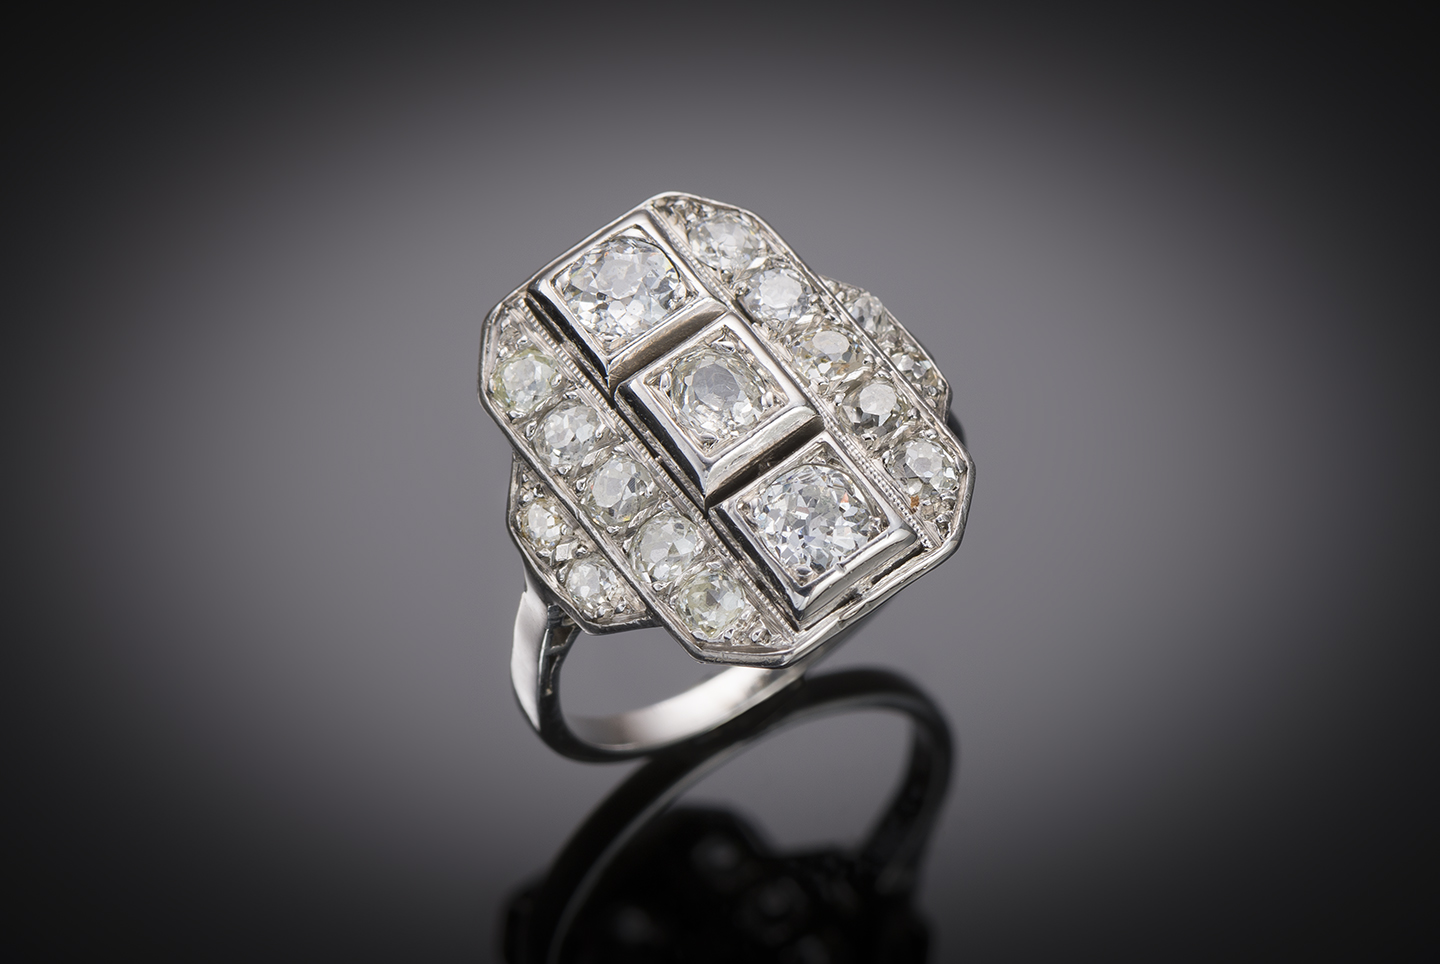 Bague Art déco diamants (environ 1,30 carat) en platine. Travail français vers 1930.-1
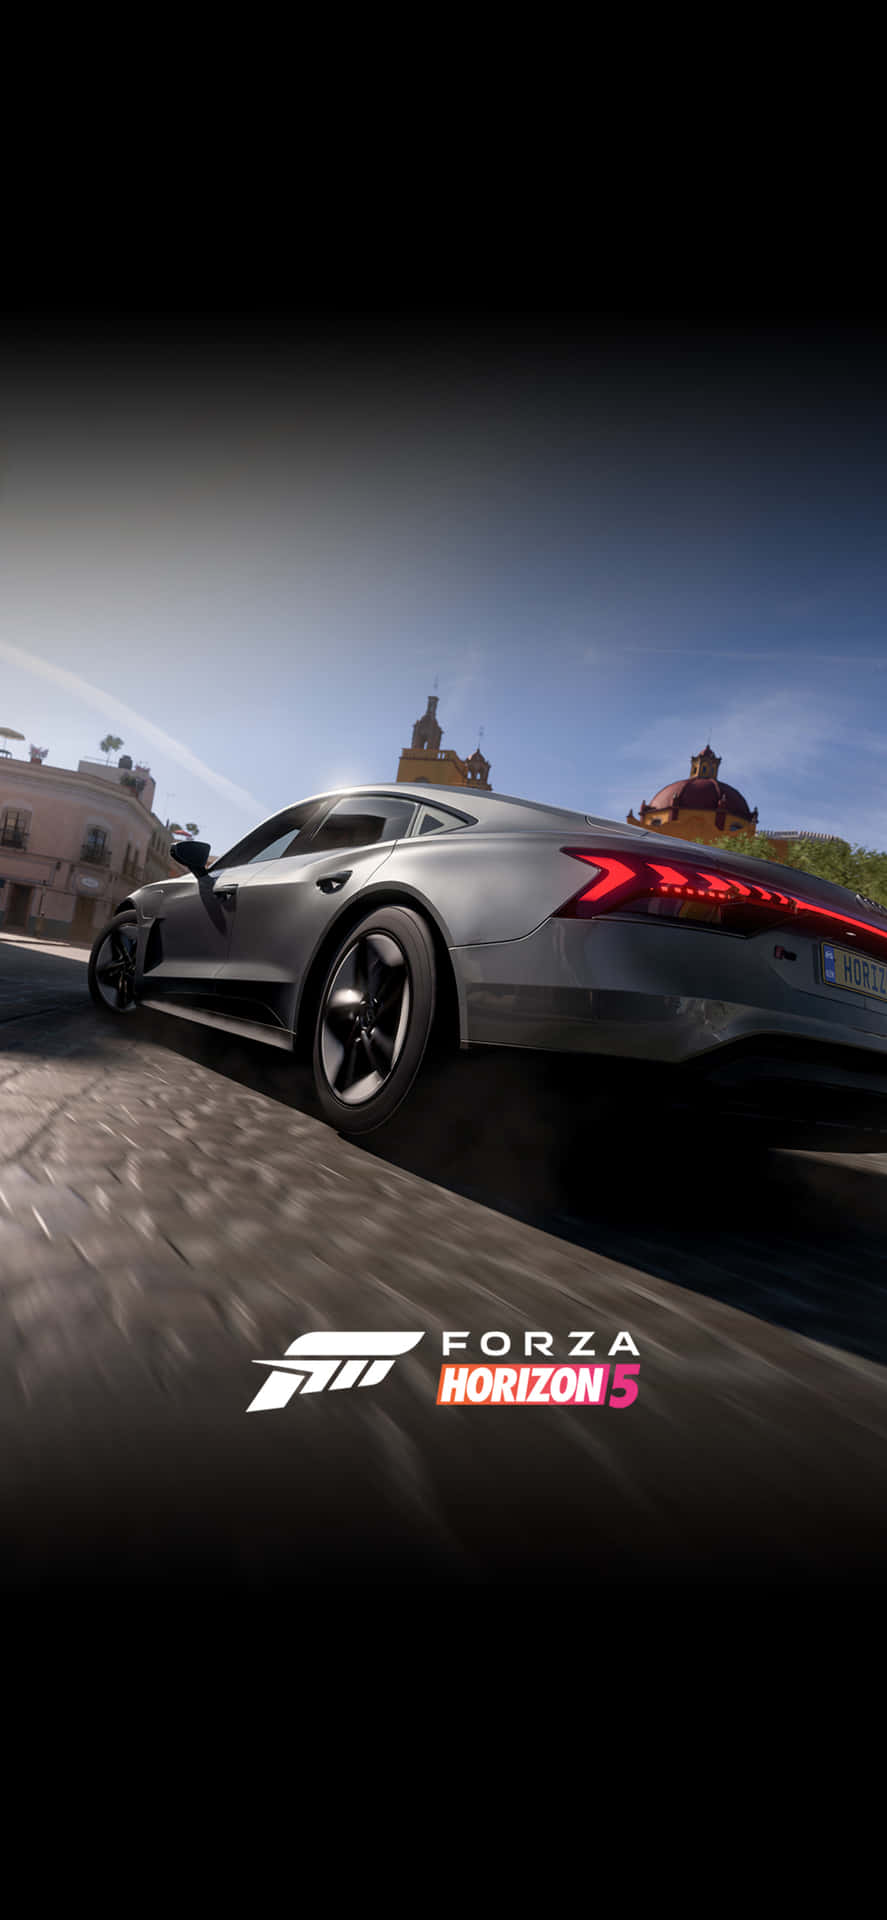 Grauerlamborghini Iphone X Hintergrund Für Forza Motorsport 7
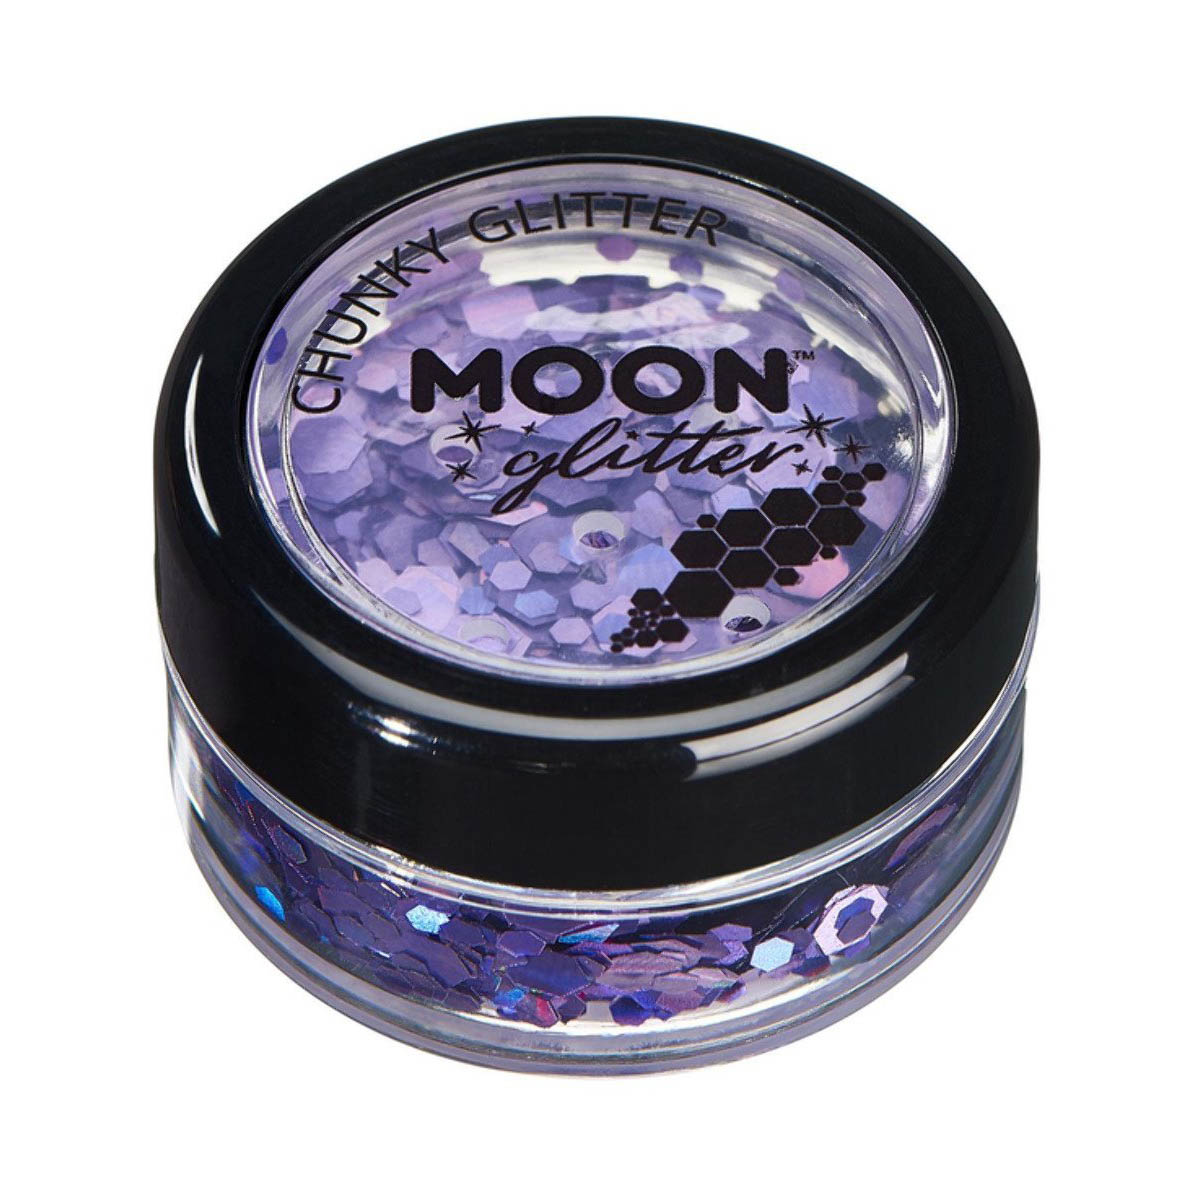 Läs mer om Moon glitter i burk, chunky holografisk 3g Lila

▶ What needs to be done
Transcribe every line of the listing above exactly; skip the pictures.

▶ Answer for this exercise
 Bague Art déco diamants (environ 1,30 carat) en platine. Travail français vers 1930.-1
 Grauerlamborghini Iphone X Hintergrund Für Forza Motorsport 7
 Läs mer om Moon glitter i burk, chunky holografisk 3g Lila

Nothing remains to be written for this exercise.